When we want to *classify a new sample* `q`

, we can simply broadcast^{[tmap]} a distance `d`

between `q`

and all labeled samples in the training set

```
dists = d.(models_train, q)
predicted_class = labels[argmin(dists)]
```

note that if you're doing *detection*, i.e., looking for a short `q`

in a much longer time series, see Detection below, and the function `distance_profile`

.

#### Nearest neighbor using embeddings

By far the fastest neighbor querys can be made by extracting embeddings from estimated models and using a KD-tree to accelerate neigbor searches. Below, we'll go into detail on how to do this. This corresponds to using the `EuclideanRootDistance`

with uniform weighting on the poles.

The following function finds you the $k$ most likely classes corresponding to query embedding `q`

from within `Xtrain`

. `Xtrain`

and `q`

are expected to be embeddings formed by the function `embeddings`

from AudioClustering.jl. (See Calculate root embeddings from sound files for an intro.)

```
using MultivariateStats, NearestNeighbors, AudioClustering
Xtrain = embeddings(models_train) # Assumes that you have already estimated models
function knn_classify(labels, Xtrain, q, k)
N = size(Xtrain,2)
W = fit(Whitening, Xtrain)
X = MultivariateStats.transform(W,Xtrain)
q = MultivariateStats.transform(W,q)
tree = NearestNeighbors.KDTree(Xtrain)
inds, dists = knn(tree, q, min(5k+1, N-1), true)
ul = unique(labels[inds[2:end]])
ul[1:min(k, length(ul))]
end
```

Increased accuracy is often obtained by estimating models with a few different specifications and fitting methods and use them all to form predictions (this will form an ensemble).

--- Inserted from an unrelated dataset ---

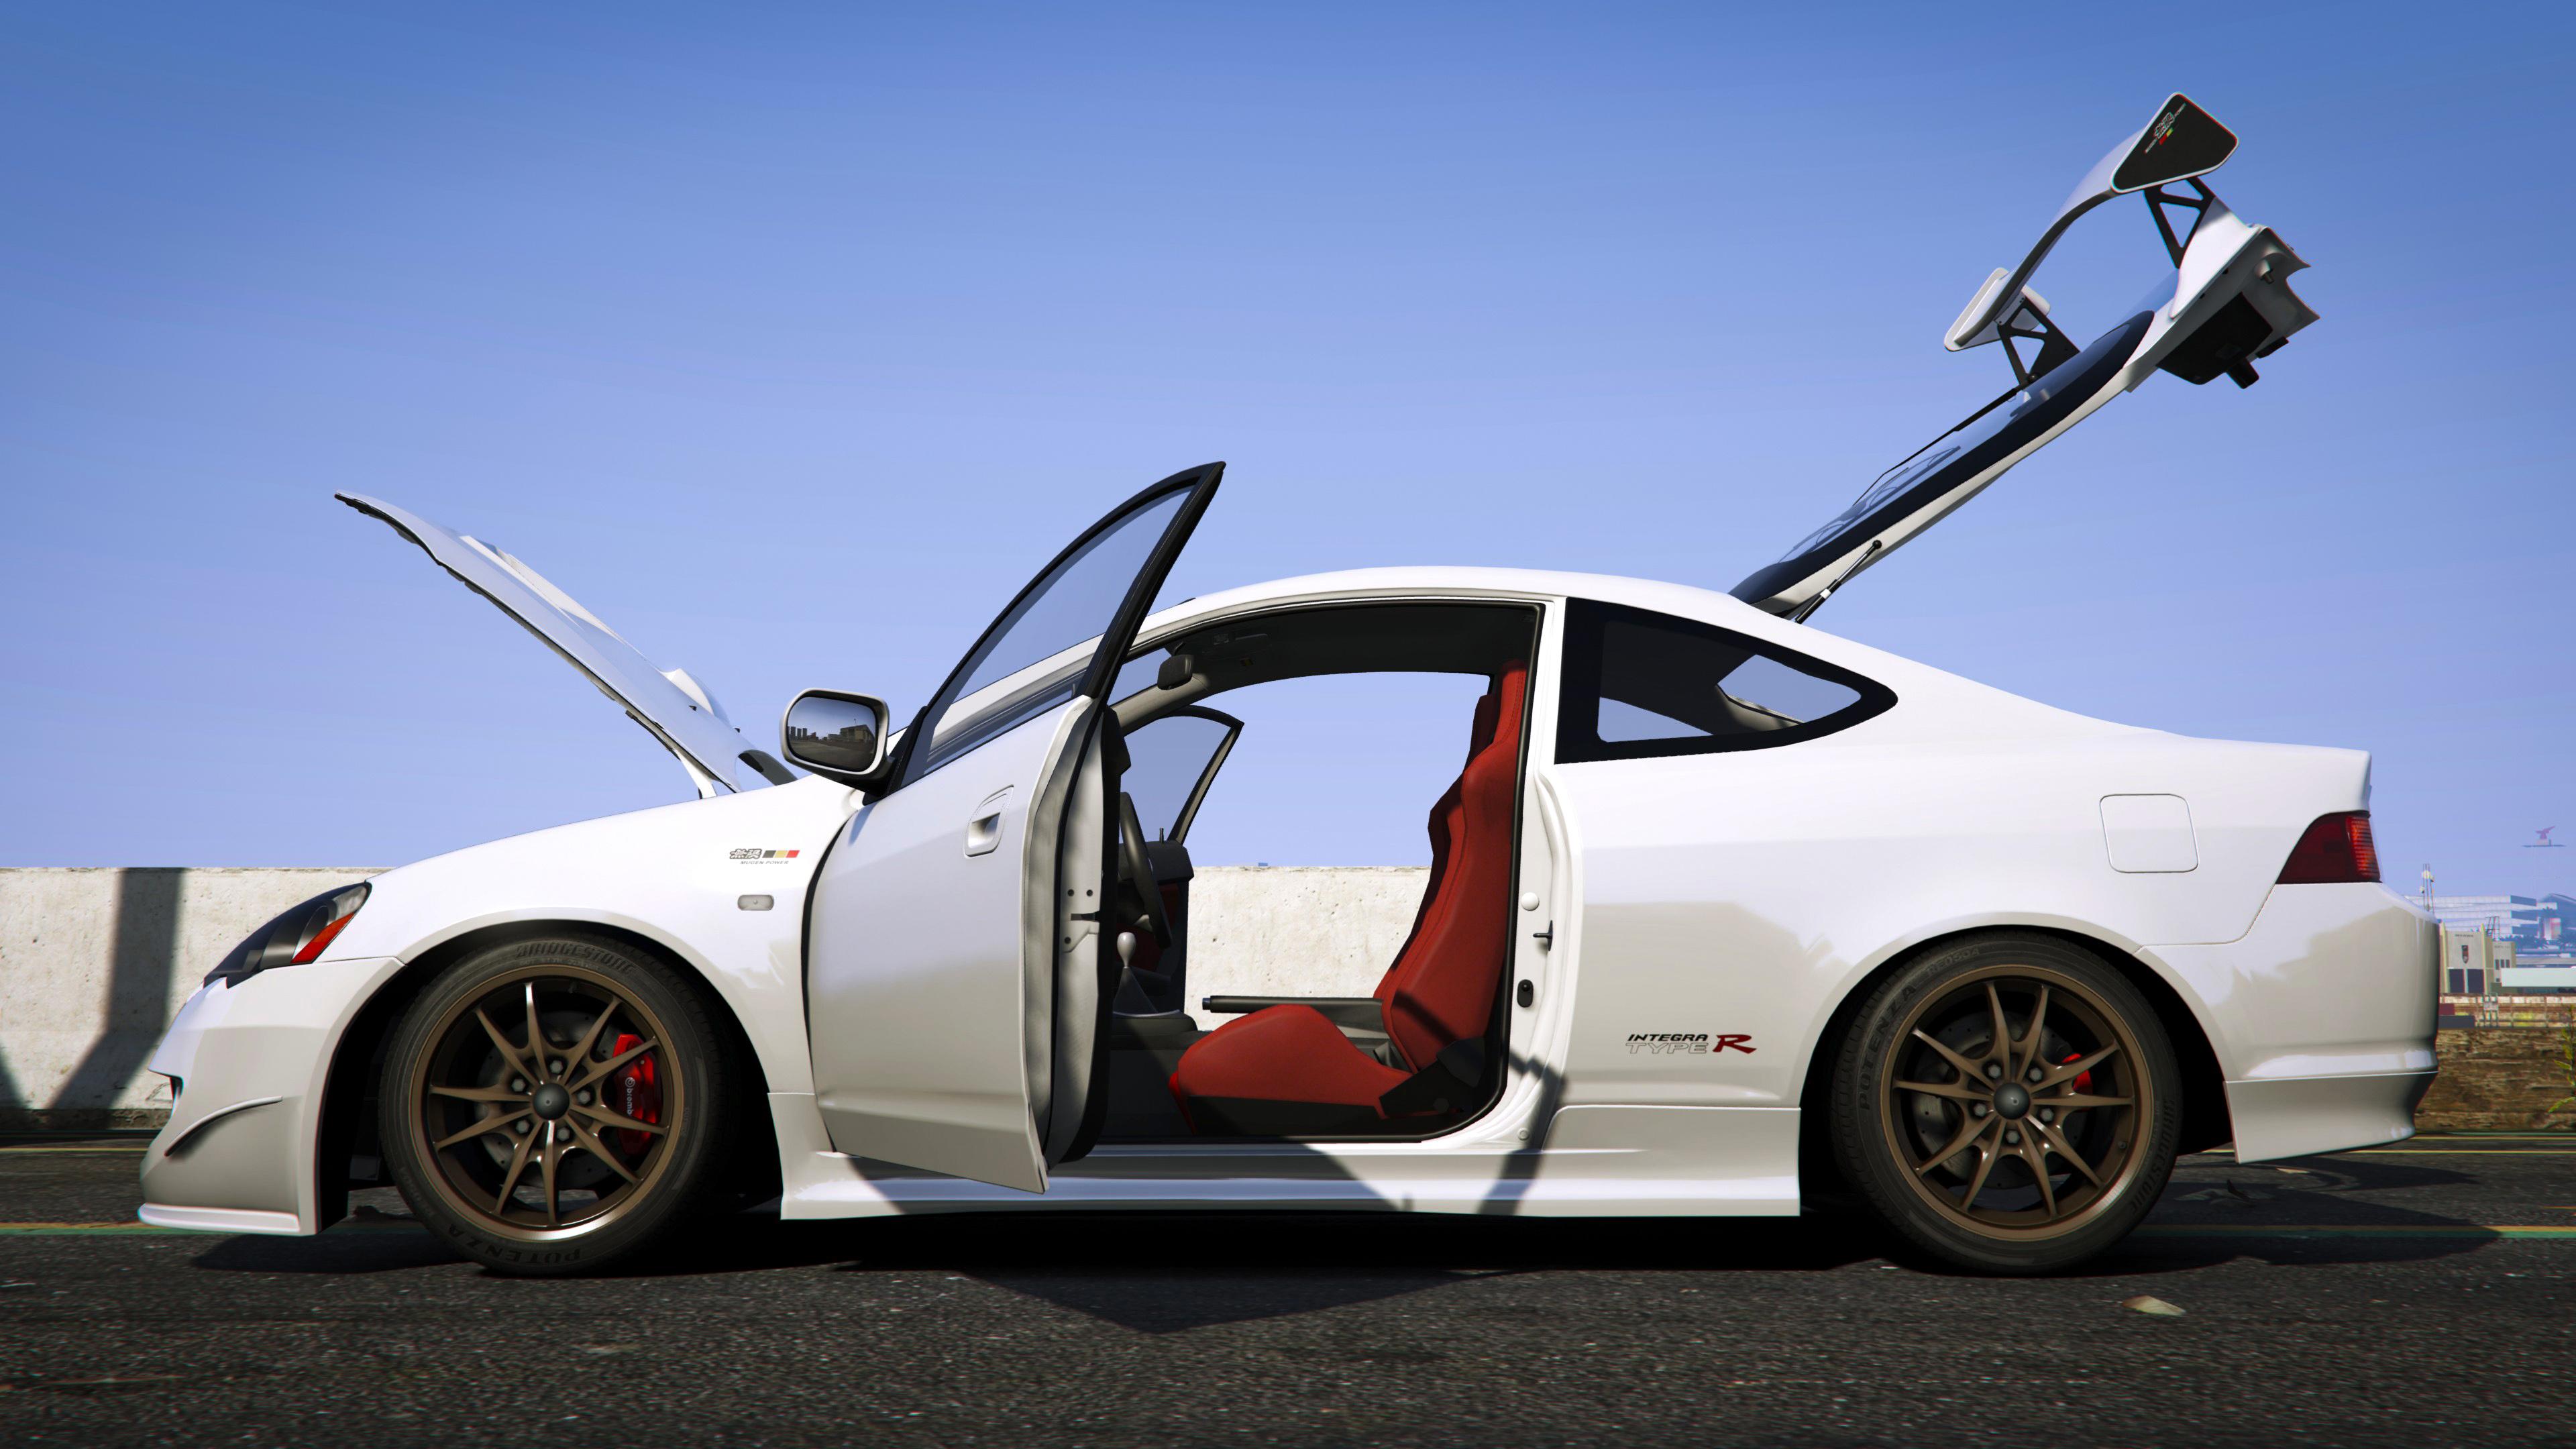 Honda Integra Type R Dc5 J S Racing Mugen Ings 1 Add

The following code fits models with different fit methods and of different orders

```
using ThreadTools, AudioClustering, ProgressMeter
modelspecs = collect(Iterators.product(10:2:14, (TLS,LS))) # Model order × fitmethod
manymodels = @showprogress "Estimating models" map(modelspecs) do (na, fm)
fitmethod = fm(na=na, λ=1e-5)
tmap(sounds) do sound
sound = @view(sound[findfirst(!iszero, sound):findlast(!iszero, sound)])
sound = Float32.(SpectralDistances.bp_filter(sound, (50 / fs, 0.49))) # Apply some bandpass filtering
fitmethod(sound)
end
end
manyX = embeddings.(manymodels) # This is not a matrix of matrices
```

To predict a single class, let many classifiers vote for the best class

```
using MLBase # For mode
function vote(preds)
map(1:length(preds[1])) do i
mode(getindex.(preds, i))
end
end
votes = [classpred1, classpred2, classpred3, ...] # Each classpred can be obtained by, e.g., knn_classify above.
majority_vote = vote(votes)
@show mean(labels .== majority_vote) # Accuracy
```

To predict "up to $k$ classes", try the following

```
using StatsBase # for countmap
function predict_k(labels, preds, k)
map(eachindex(labels)) do i
cm = countmap(getindex.(preds, i)) |> collect |> x->sort(x, by=last, rev=true)
first.(cm[1:min(k,length(cm))])
end
end
votes = [classpred1, classpred2, classpred3, ...]
k_votes = predict_k(labels, votes, k)
@show mean(labels .∈ k_votes) # Accuracy
```

To figure out which classifier is best, rank them like so

```
function ranking(labels, preds)
scores = [mean(labels .== yh) for yh in preds]
sortperm(scores, rev=true)
end
votes = [classpred1, classpred2, classpred3, ...]
r = ranking(labels, votes)
```

### Feature-based classification

The embeddings extracted above can be used as features for a standard classifier. Below we show an example using a random forest

```
using DecisionTree, MultivariateStats, Random, AudioClustering
N = length(labels)
X = embeddings(models)' |> copy # DecisionTree expects features along columns
perm = randperm(N)
Nt = N ÷ 2 # Use half dataset for training
train_x = X[perm[1:Nt], :]
train_y = labels[perm[1:Nt]]
test_x = X[perm[Nt+1:end], :]
test_y = labels[perm[Nt+1:end]]
model = RandomForestClassifier(n_trees=400, max_depth=15)
DecisionTree.fit!(model, train_x, train_y)
predictions = DecisionTree.predict(model, test_x)
k_predictions =
getindex.(sortperm.(eachrow(predict_proba(model, test_x)), rev = true), Ref(1:3)) # Predict top 3
@show accuracy = mean(predictions .== test_y) # Top class prediction accuracy
@show accuracy = mean(test_y .∈ k_predictions) # Top 3 classes predictions accuracy
```

The features derived here can of course be combined with any number of other features, such as from AcousticFeatures.jl.

## Detection

Detection refers to finding a short query pattern `q`

in a long recording `y`

. This task can often be performance optimized for expensive-to-compute distances.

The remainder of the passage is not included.